START Dataset excerpts

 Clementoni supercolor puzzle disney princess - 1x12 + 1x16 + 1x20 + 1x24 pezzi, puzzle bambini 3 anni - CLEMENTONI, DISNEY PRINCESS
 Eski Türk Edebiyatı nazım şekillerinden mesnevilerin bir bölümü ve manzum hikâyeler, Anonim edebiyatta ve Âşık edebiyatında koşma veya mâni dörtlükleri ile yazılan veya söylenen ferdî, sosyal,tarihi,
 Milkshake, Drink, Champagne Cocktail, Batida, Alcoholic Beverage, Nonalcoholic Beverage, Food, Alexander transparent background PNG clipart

END Dataset excerpts
START Dataset excerpts

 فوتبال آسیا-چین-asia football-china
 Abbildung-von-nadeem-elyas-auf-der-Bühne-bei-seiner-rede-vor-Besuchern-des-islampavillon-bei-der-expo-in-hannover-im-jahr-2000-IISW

END Dataset excerpts
START Dataset excerpts

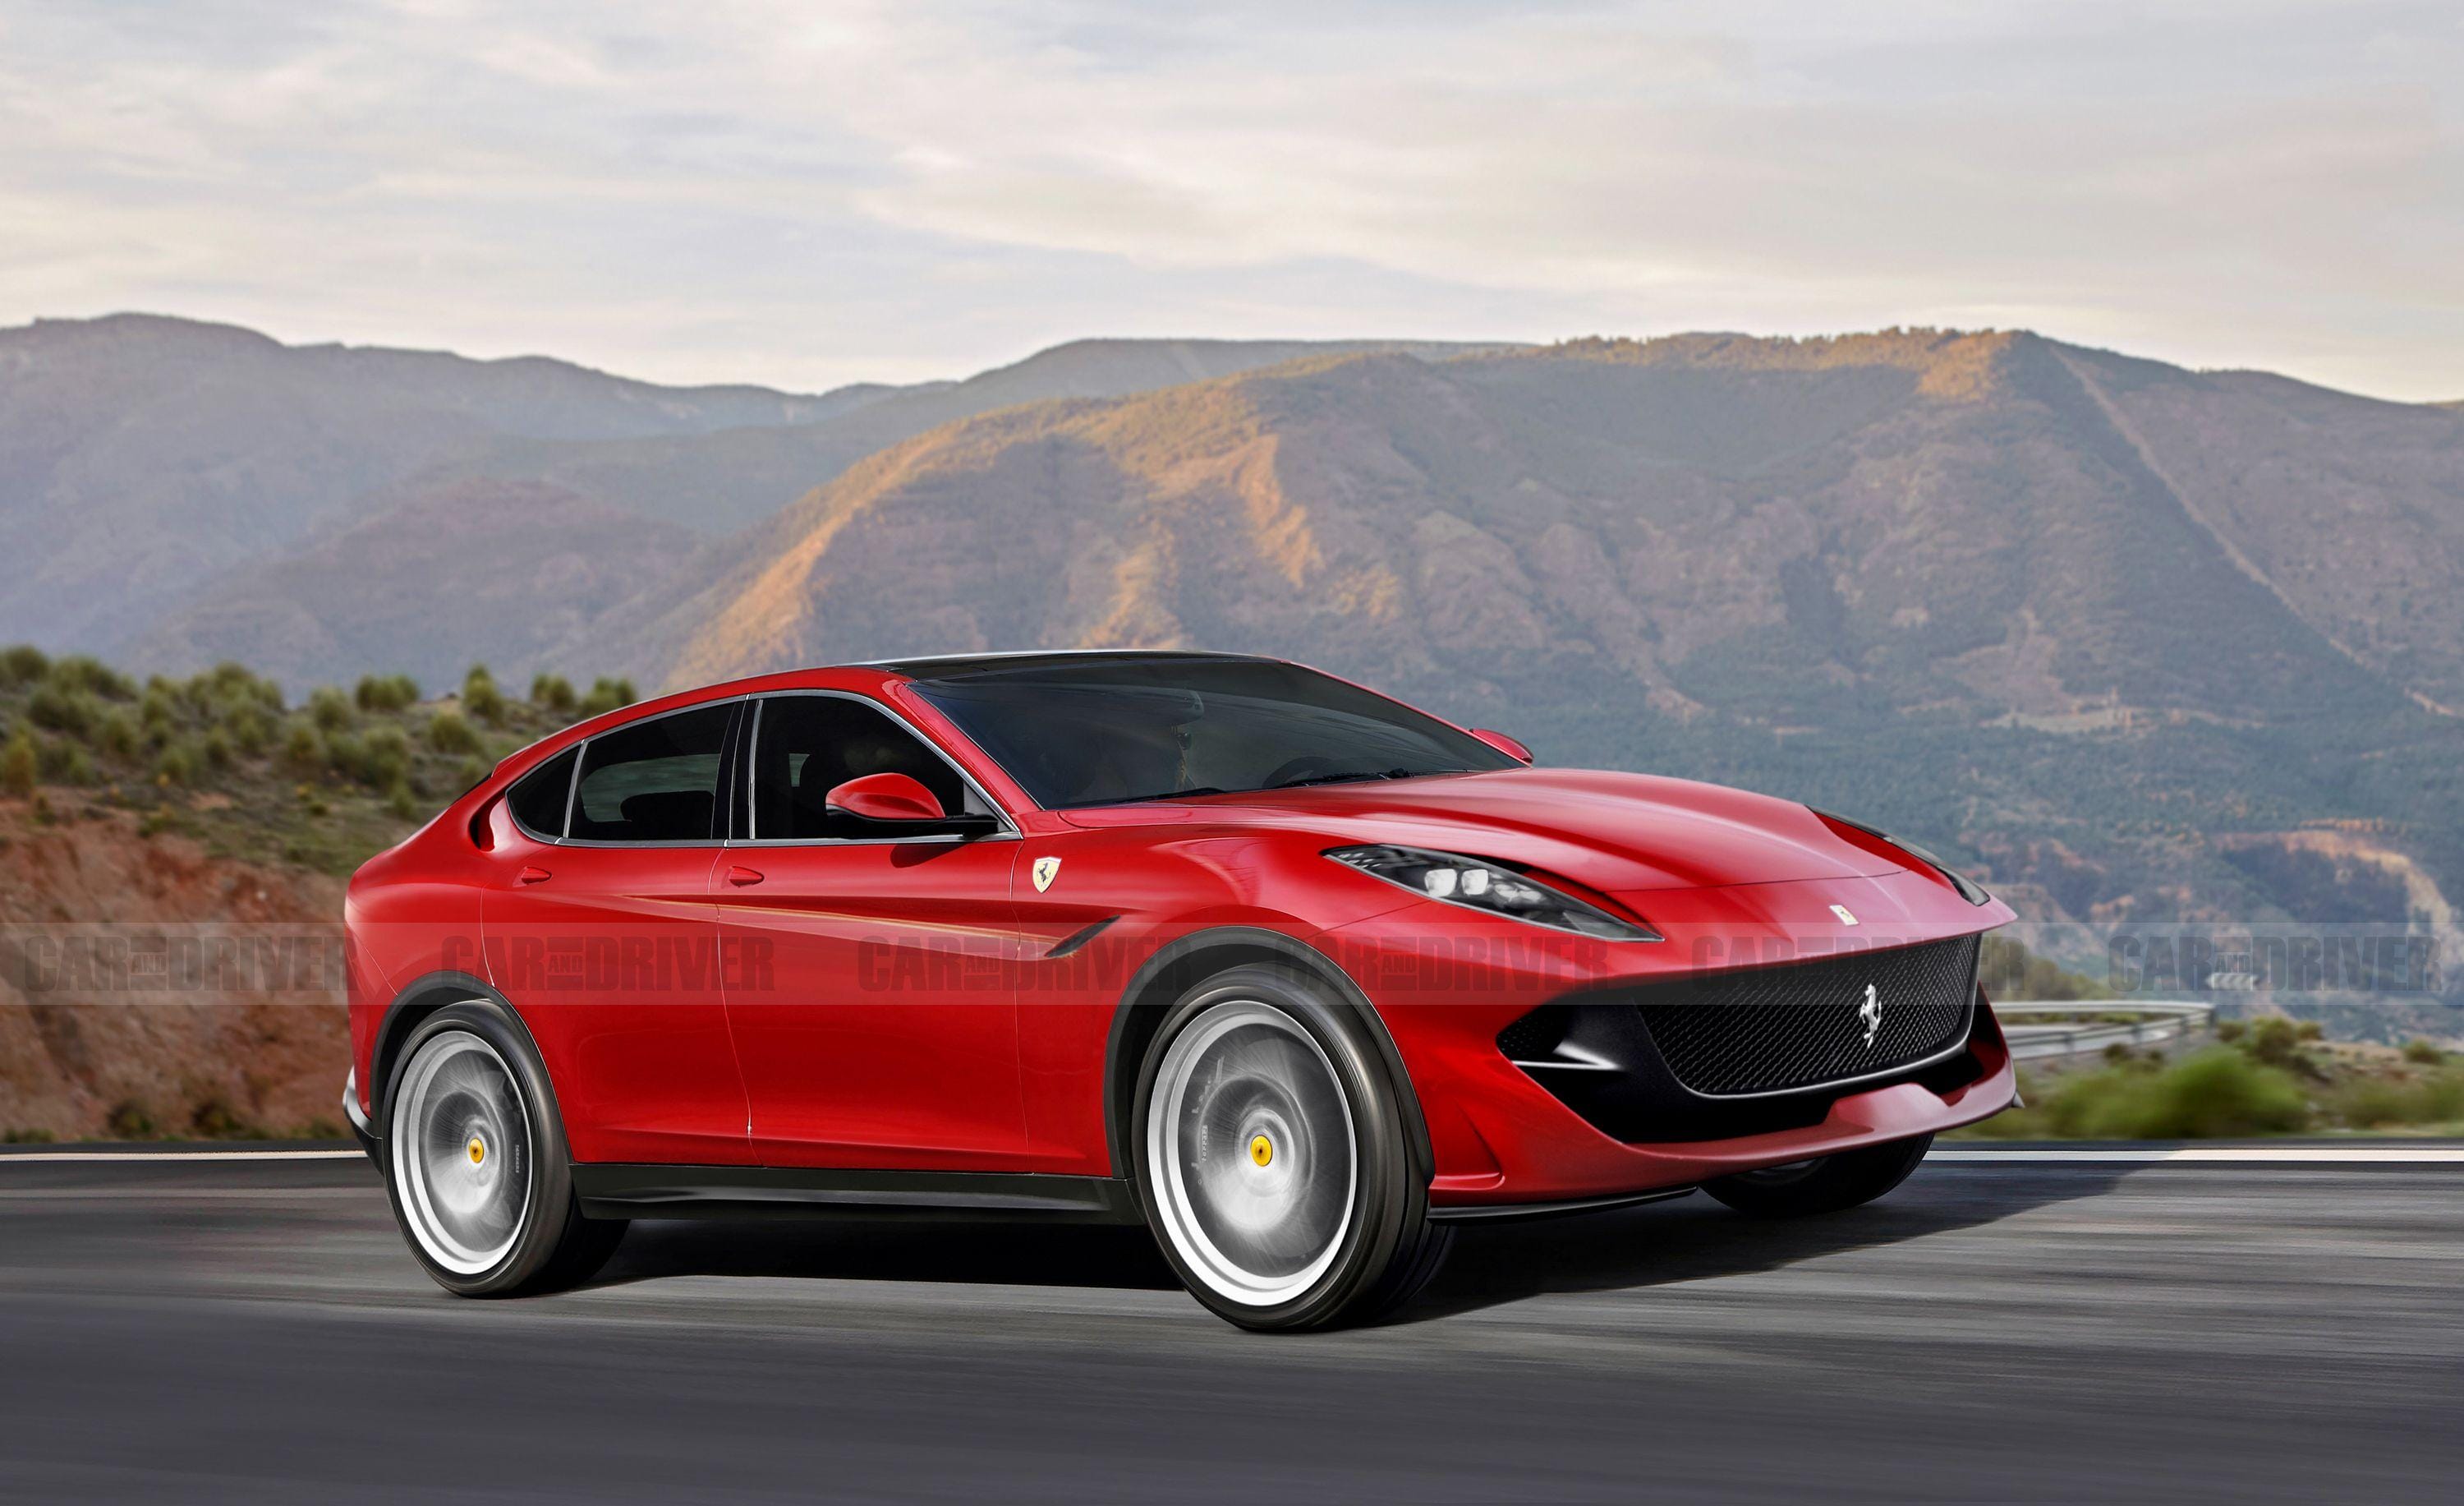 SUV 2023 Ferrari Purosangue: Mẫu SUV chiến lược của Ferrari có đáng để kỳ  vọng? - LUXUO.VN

END Dataset excerpts

§ **What you should do**: With the line holding "Eski Türk Edebiyatı" as the first and the line holding "Milkshake, Drink, Champagne" as the last, set down that range of the entries above exactly, and nothing else.

§ **Solution**:
 Eski Türk Edebiyatı nazım şekillerinden mesnevilerin bir bölümü ve manzum hikâyeler, Anonim edebiyatta ve Âşık edebiyatında koşma veya mâni dörtlükleri ile yazılan veya söylenen ferdî, sosyal,tarihi,
 Milkshake, Drink, Champagne Cocktail, Batida, Alcoholic Beverage, Nonalcoholic Beverage, Food, Alexander transparent background PNG clipart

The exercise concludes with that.